RD: It is much better to follow the main roads that wind through mountains, which have gradually become smooth and convenient through frequent use, than to try to follow a straighter route that has one clambering over rocks and descending into canyons.[xi]
H: I wonder how that metaphor looks like in practice, Mr. Descartes? The thing is, we are pressed to make a decision. We are updated, with endless notifications, on each and every new death that the virus has caused.
RD: Similarly, in everyday life, we often have to act without delay. When we can’t pick out the truest opinions, we should follow the most probable ones.[xii]
H: In your opinion, which of those opinions are the most probably true?
RD: Suppose one had a basket full of apples and, being worried that some of the apples were rotten, wanted to take out the rotten ones to prevent the rot to spread. How would he proceed? Would he not begin by tipping the whole lot out of the basket? And would not the next step be to cast his eye over each apple in turn, and pick up and put back in the basket only those he saw to be sound, leaving the others? In just the same way[xiii]…
H: … Hold on, I’m not sure I’m following your metaphor, René. Are you seriously comparing infected people with rotten apples?
RD: [repeats, frowning] … In just the same way… those who have never philosophized correctly have various opinions in their minds which they have begun to store up since childhood, and which they therefore have reason to believe may be false.

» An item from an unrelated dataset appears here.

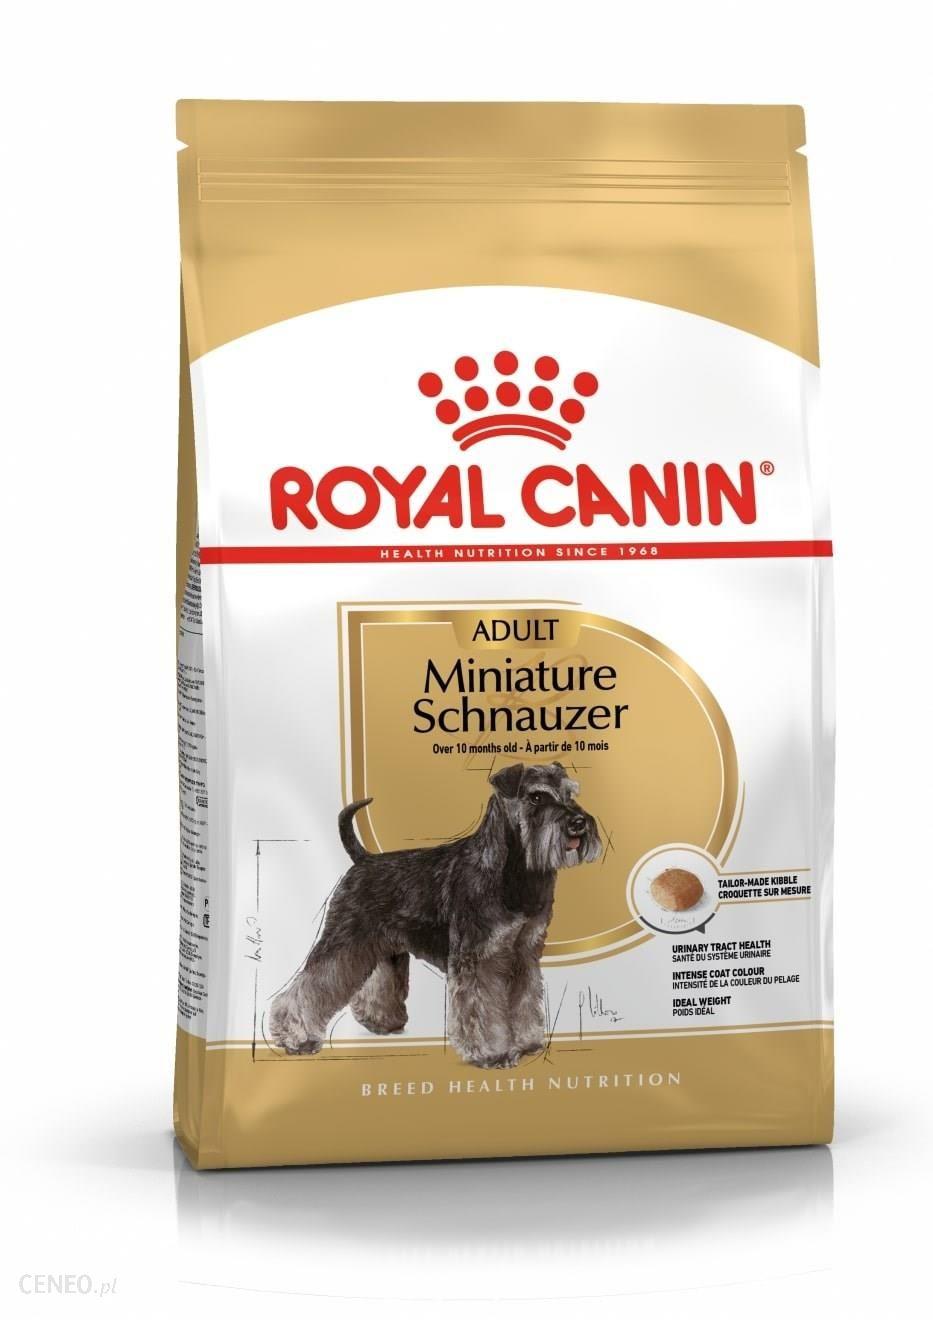 Royal Canin Miniature Schnauzer Adult 500g

They then attempt to separate the false beliefs from the others, so as to prevent their contaminating the rest and making the whole lot uncertain. Now the best way they can accomplish this is to reject all their beliefs together in one go, as if they were all uncertain and false. They can then go over each belief in turn and re-adopt only those which they recognize to be true and indubitable.[xiv]

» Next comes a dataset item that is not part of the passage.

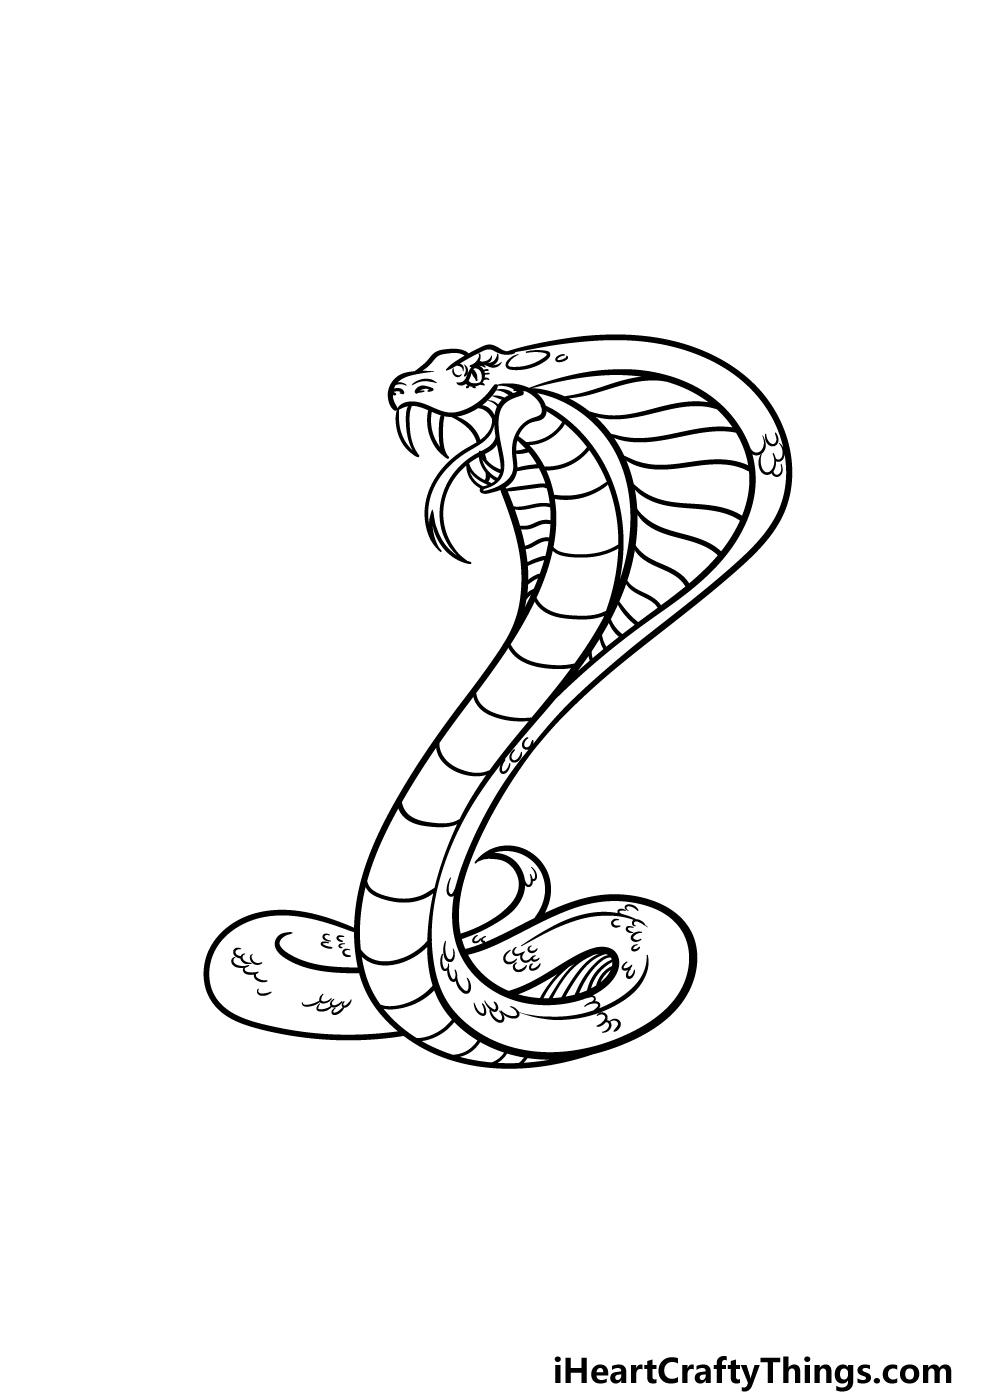 drawing cobra step 5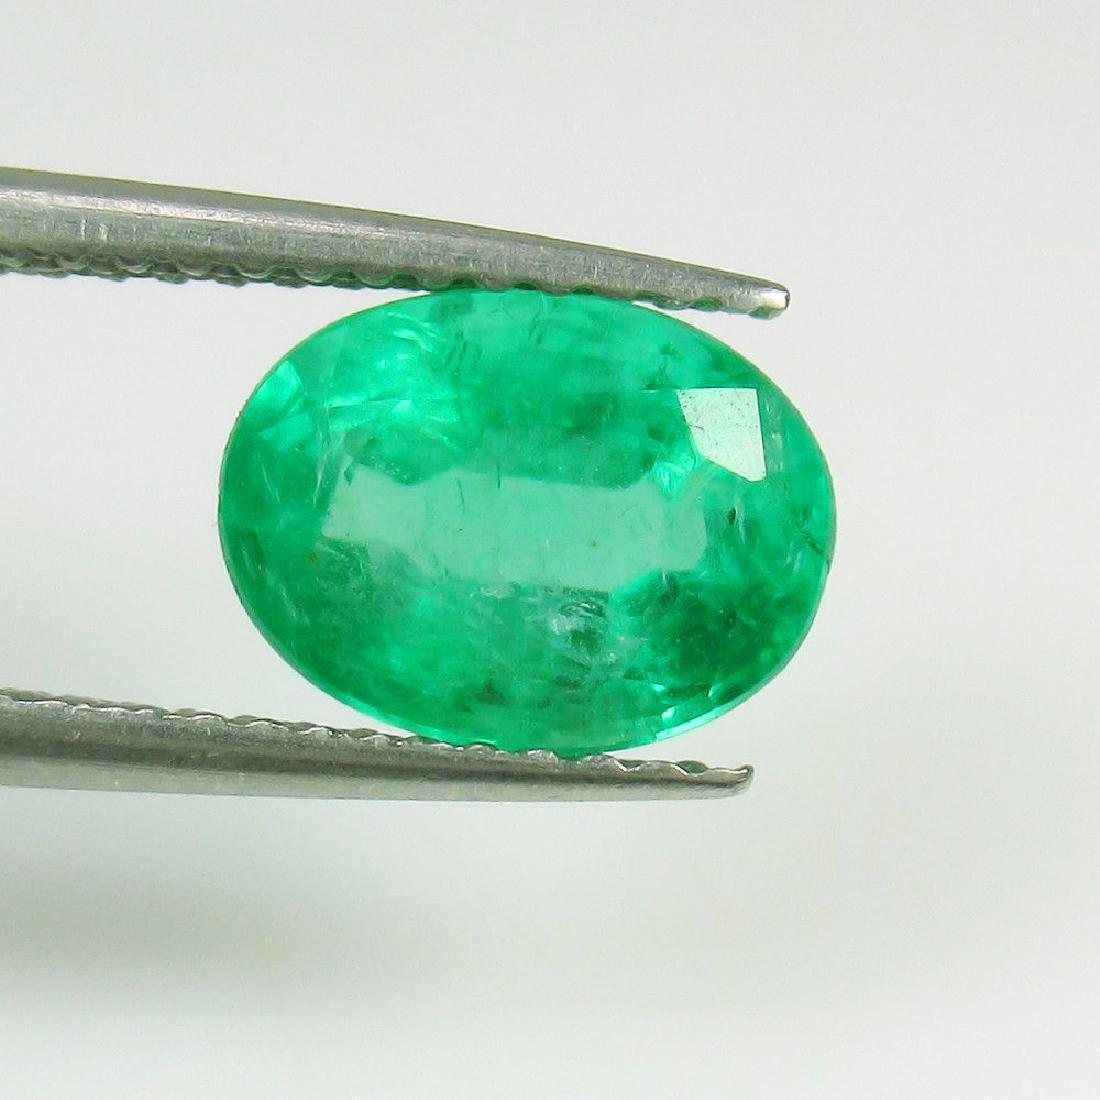 1.73 Ct Genuine Loose Zambian Emerald Nice Oval cut Top - 2

H: OK, my apologies, I see what you mean. You’re reminding us of your famous method for thinking in uncertain times. According to you, Mr. Macron, and others, should take things step by step, and doubt everything along the way, rather than leaping forward into the unknown with a problematic confidence. Perhaps, you’re right. Mr. Descartes; perhaps all we need, in these confusing times, is a certain method, not a certain truth. Any last advice to our audience who are stuck at home and who might feel helpless? What should they do? Could you remind us of your famous third maxim?

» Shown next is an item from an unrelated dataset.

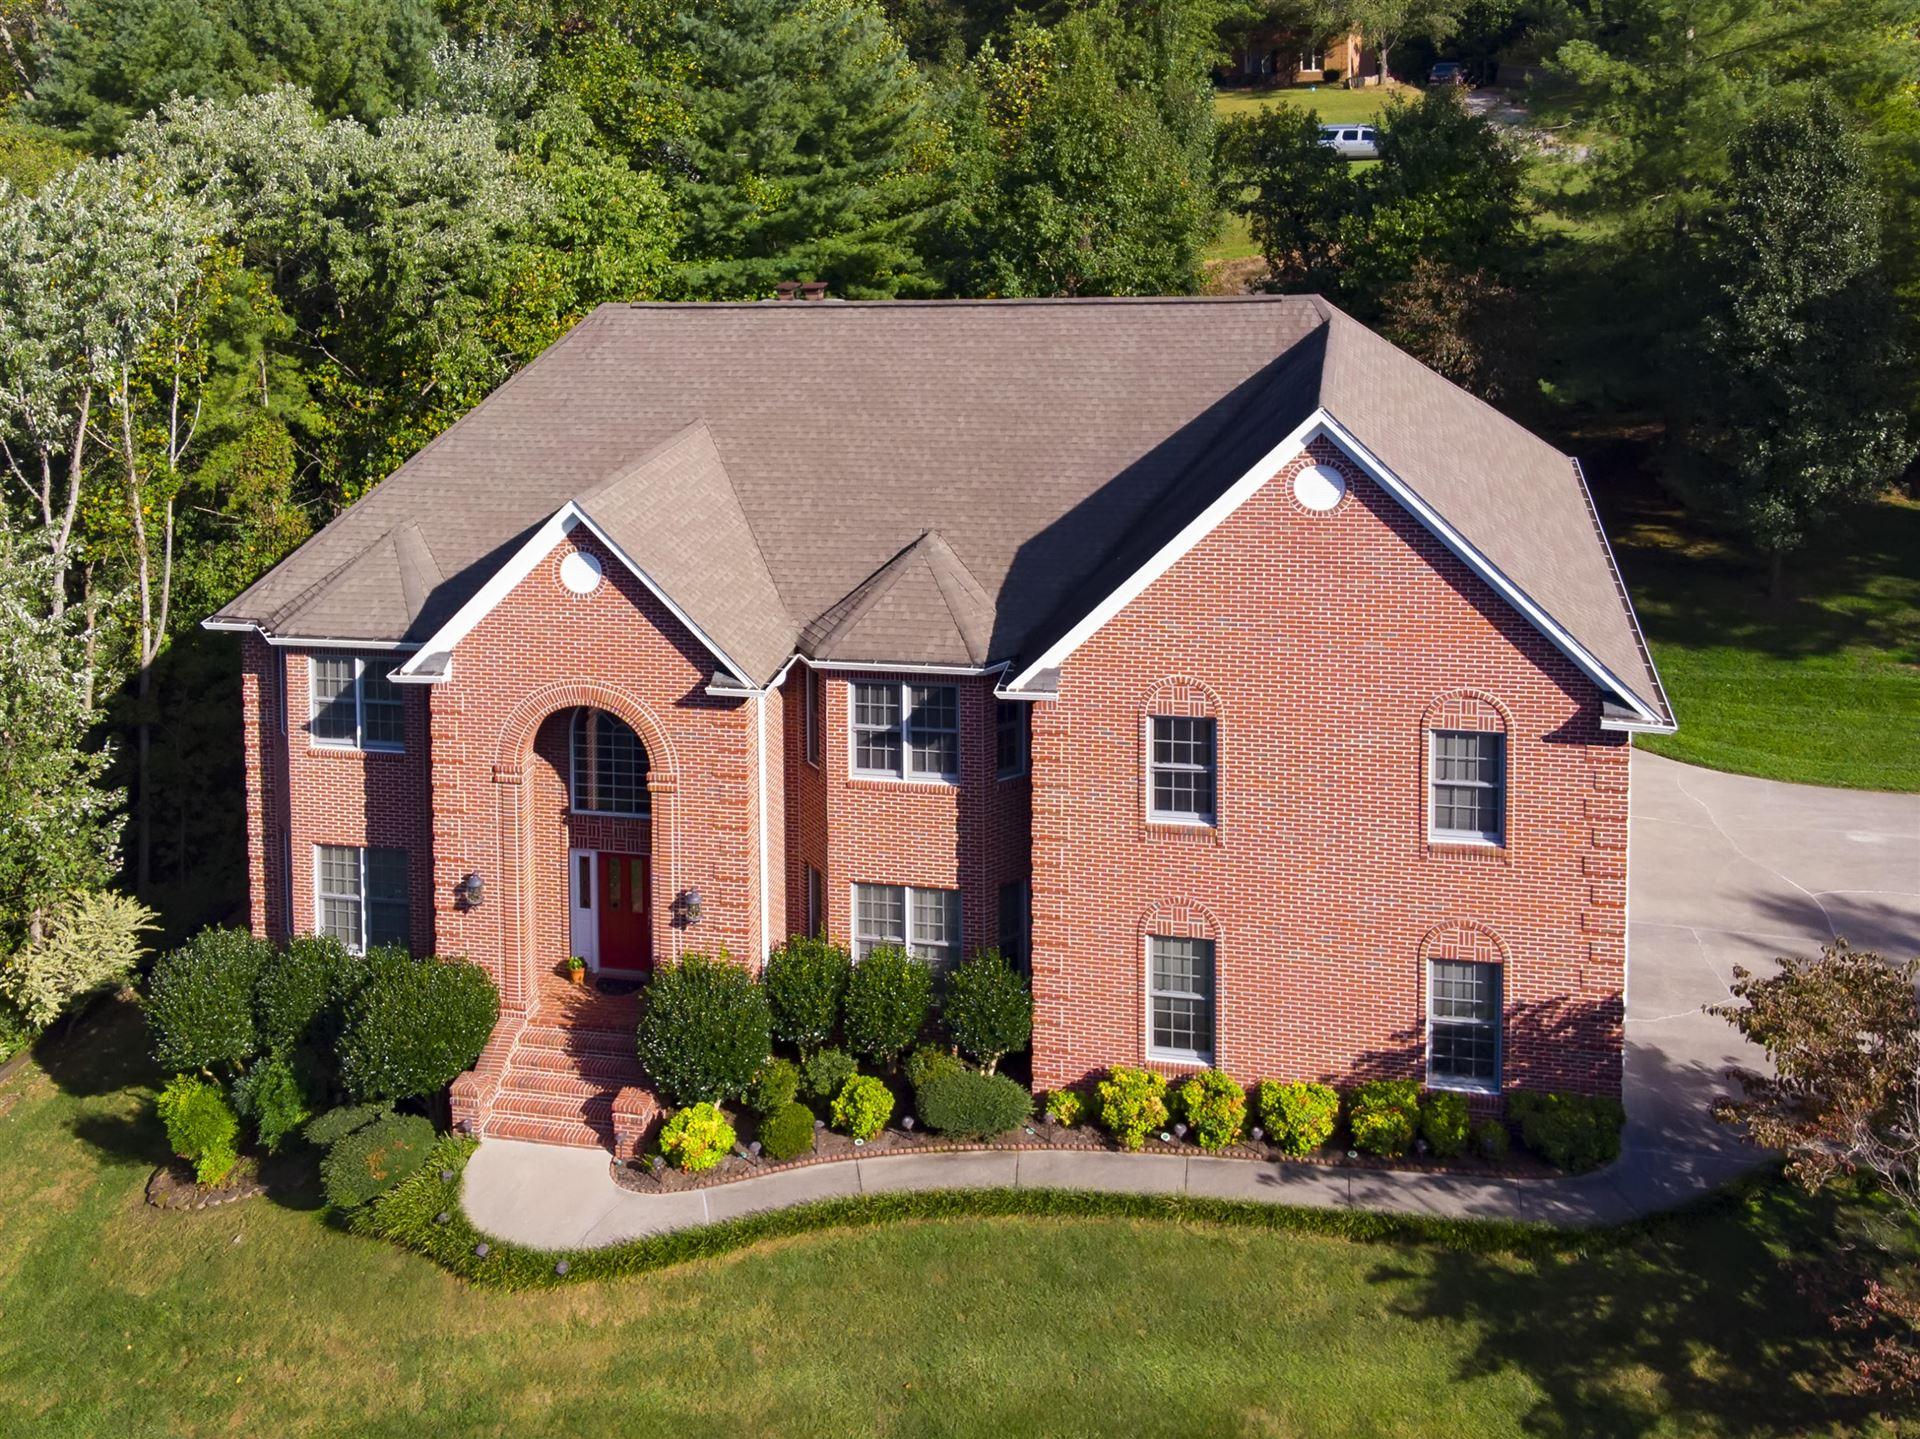 Photo of 115 Dansworth Lane, Oak Ridge, TN 37830 (MLS # 1131636)

RD: My third maxim was to try always to master myself rather than fortune, and change my desires rather than changing how things stand in the world. This involved getting the habit of believing that nothing lies entirely within our power except our thoughts, so that after we have done our best in dealing with matters external to us, whatever we fail to achieve is absolutely impossible so far as we are concerned. This seemed to me to be enough, all by itself, to prevent me from having unsatisfied desires and thus to make me content. ‘Making a virtue of necessity’—as the phrase goes.[xv]
H: Making a virtue of necessity… in a time when we’re finally buying only the things we need, I believe you’re quite right, Mr. Descartes. What we should all still get, though, are copies of your books. No need to leave the house. They’re all online. Oh, you didn’t know that, René? Yikes.
Notes:
[i] Descartes, R. Discourse on the Method. Jonathan Bennett Online. 2017. p. 3.
[ii] Ditto.
[iii] Descartes, R. Letter to Mersenne of the 11th of March 1640. Electronic Enlightenment.
[iv] Descartes, R. Letter to Chanut of the 1st of November 1646. Electronic Enlightenment.
[v] Ditto.
[vi] Descartes, R. Regulae, rule III. Gallimard p. 43.
[vii] Ditto.
[viii] Ditto.
[ix] Descartes. R. Discourse on First Philosophy. Cambridge University Press. 1911. p. 2.
[x] Descartes, R. Discourse on the Method. Jonathan Bennett Online. 2017. p. 6.
[xi] Ditto.
[xii] Descartes, R. Discourse on the Method. Jonathan Bennett Online. 2017. p. 12.
[xiii] Descartes, R. The Philosophical Writings of Descartes. Cambridge University Press. 1984. p. 324.
[xiv] Ditto.
[xv] Descartes, R. Discourse on the Method. Jonathan Bennett Online. 2017. p. 12.